-- Dataset content --
================================

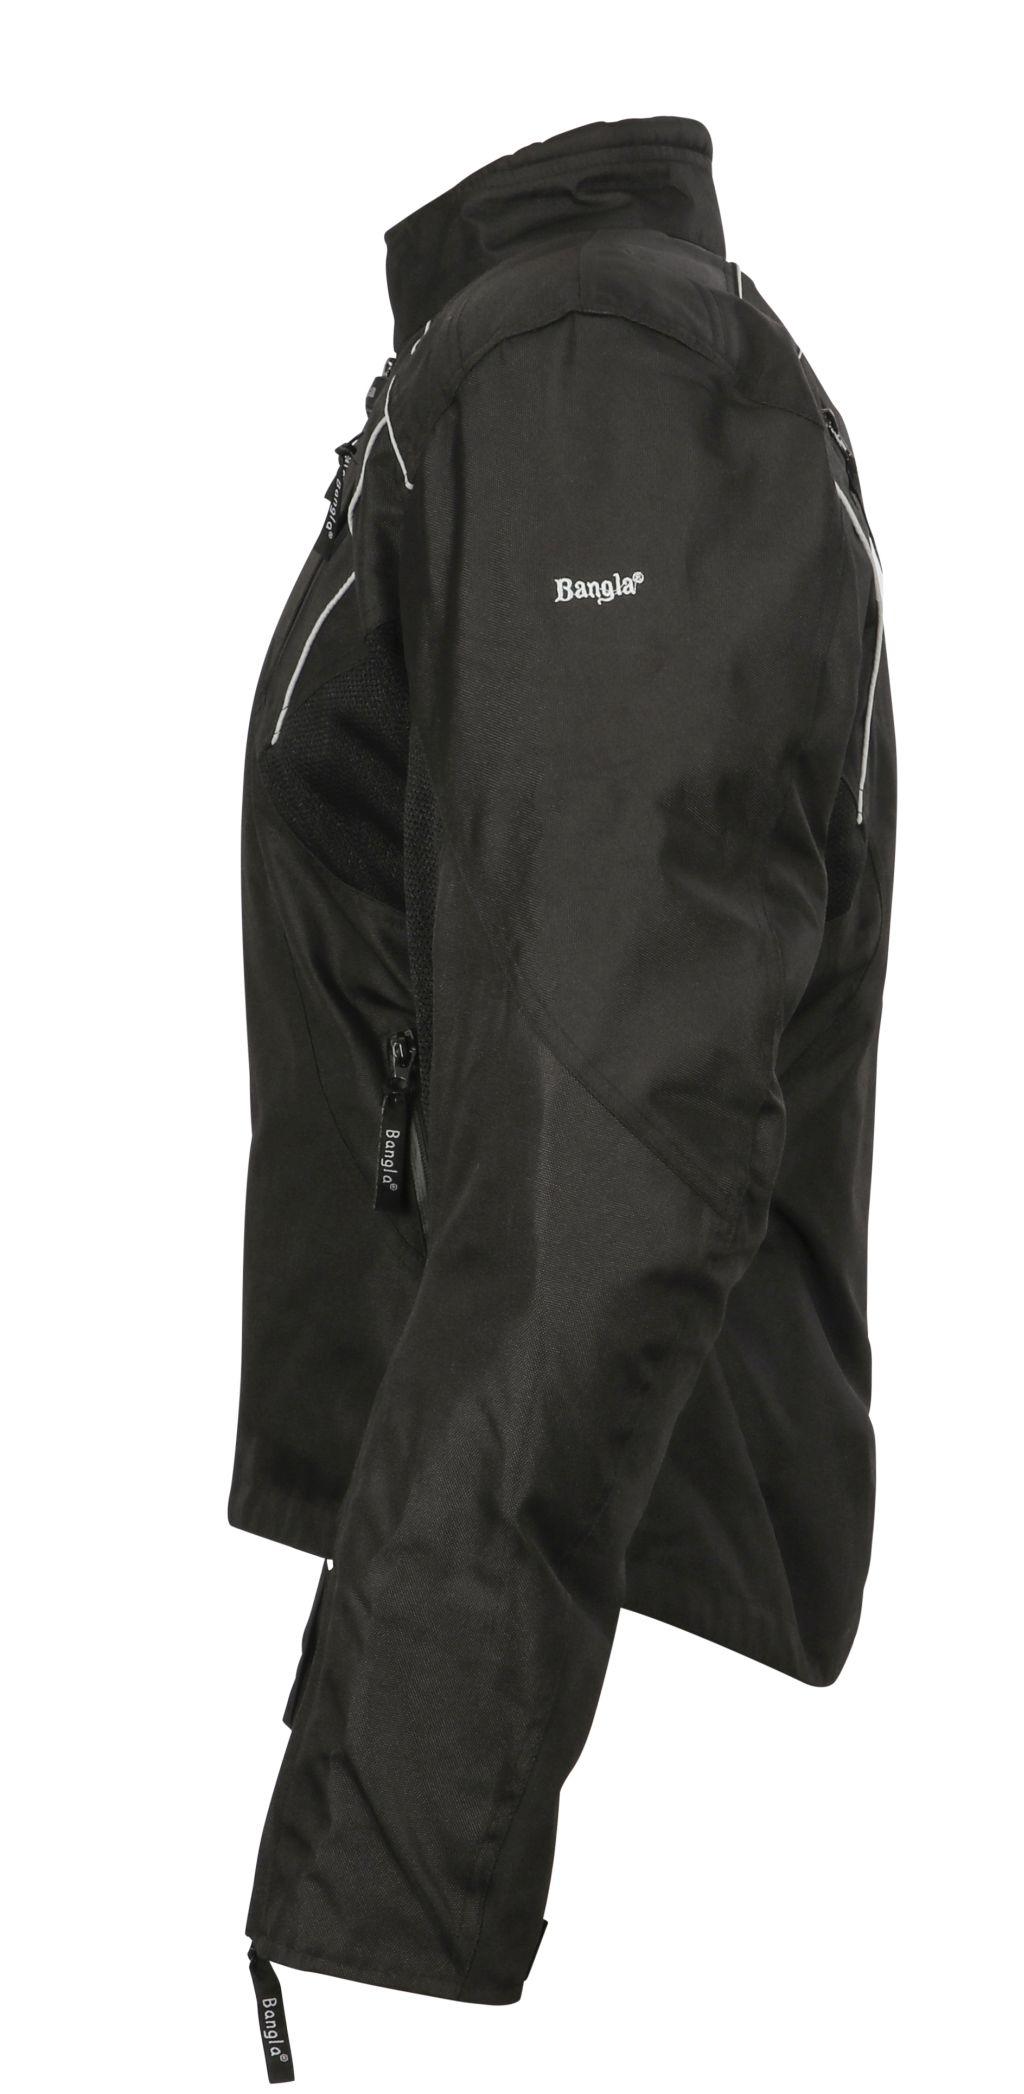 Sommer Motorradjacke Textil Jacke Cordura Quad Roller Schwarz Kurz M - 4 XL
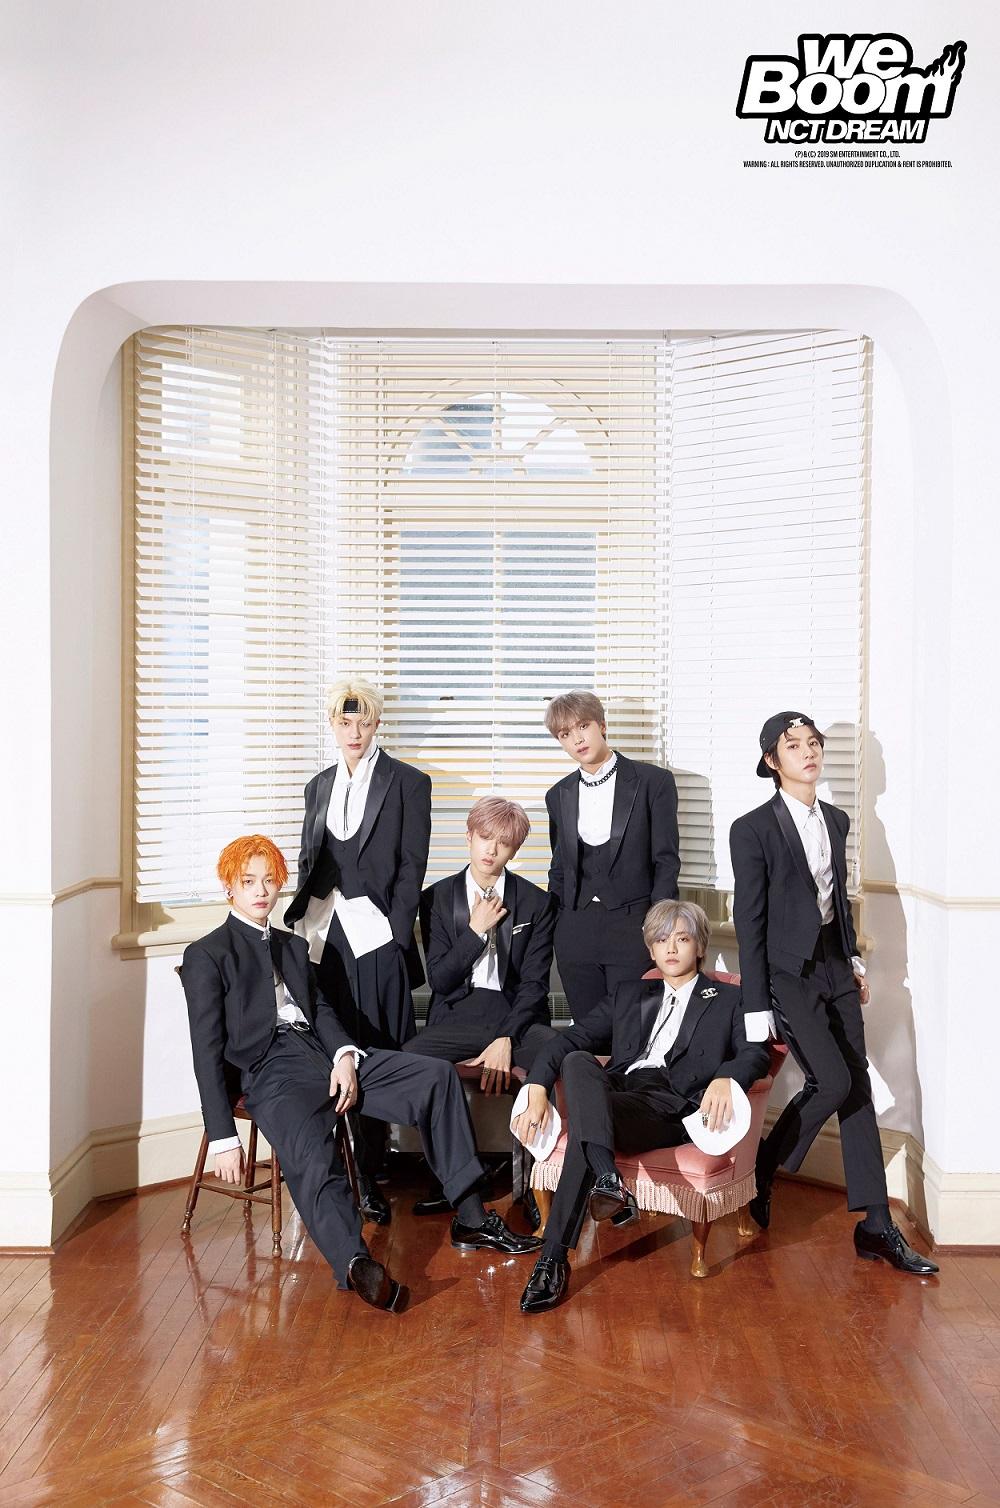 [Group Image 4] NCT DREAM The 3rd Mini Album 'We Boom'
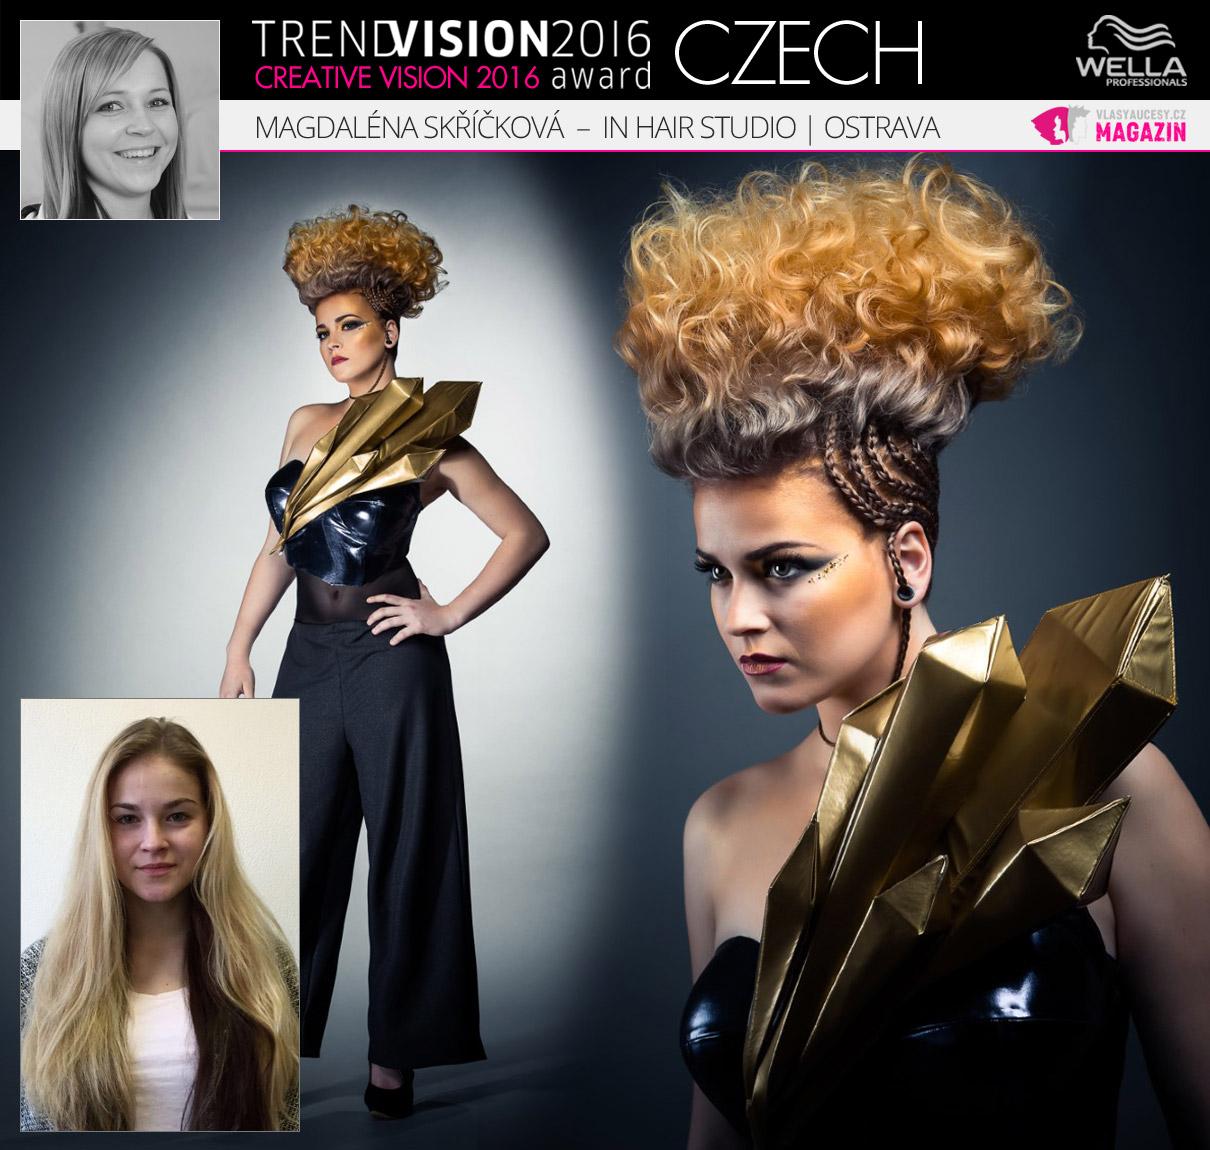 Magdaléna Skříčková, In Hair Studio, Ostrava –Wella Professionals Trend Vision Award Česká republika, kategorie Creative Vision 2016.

================================

-- Task goal --
Every line above should be retyped exactly; the pictures do not belong in the copy.

-- Your response --
 Sommer Motorradjacke Textil Jacke Cordura Quad Roller Schwarz Kurz M - 4 XL
 [Group Image 4] NCT DREAM The 3rd Mini Album 'We Boom'
 Magdaléna Skříčková, In Hair Studio, Ostrava –Wella Professionals Trend Vision Award Česká republika, kategorie Creative Vision 2016.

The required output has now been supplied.